Two key points to keep in mind are the words perpetual and perceived. Stress as a situation of running from the tiger is a true state of emergency. When we train ourselves to feel that state of emergency for several things every day, we are no longer able to move between sympathetic and parasympathetic states easily. This keeps us in perpetual stress. When we are more sympathetic dominant, we tend to think many things in our lives are in a state of emergency. These make situations are perceived states of stress by us. It is not that we are imagining it, but in our present state of body, we feel many situations as that true state of emergency. How does this affect weight gain?
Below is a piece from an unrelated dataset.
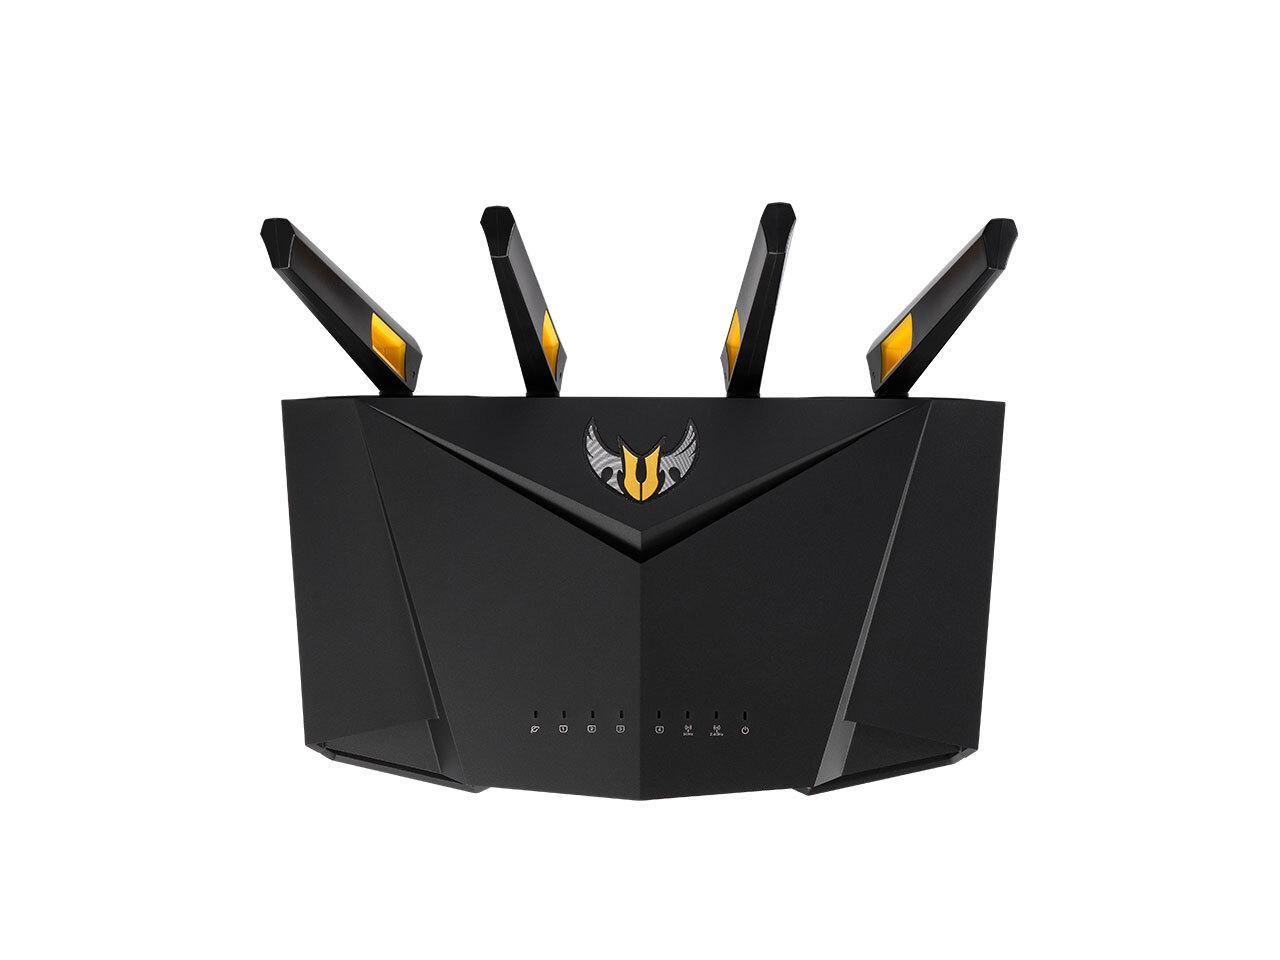 Caution sharply Monarchy ASUS AX3000 dual-band wifi6 router 802.11ax (2402Mbps+574Mbps) router  supports MU-MIMO and OFDMA technology, ax wifi 6 mesh gaming router Ideal  for Online Gaming/4K UHD Streaming - Newegg.com

1.    When we are under perpetual stress, our body produces more cortisol—the stress hormone. Cortisol and insulin are two sides of a coin. Cortisol keeps our body in a constant state of inflammation, driving insulin resistance and preventing our ability to lose weight. Cortisol elevation weakens digestive function, contributing to poor digestive health. Even if we eat the right foods, we might struggle to breakdown, metabolise, and utilise the nutrients. It contributes to weight gain in the belly.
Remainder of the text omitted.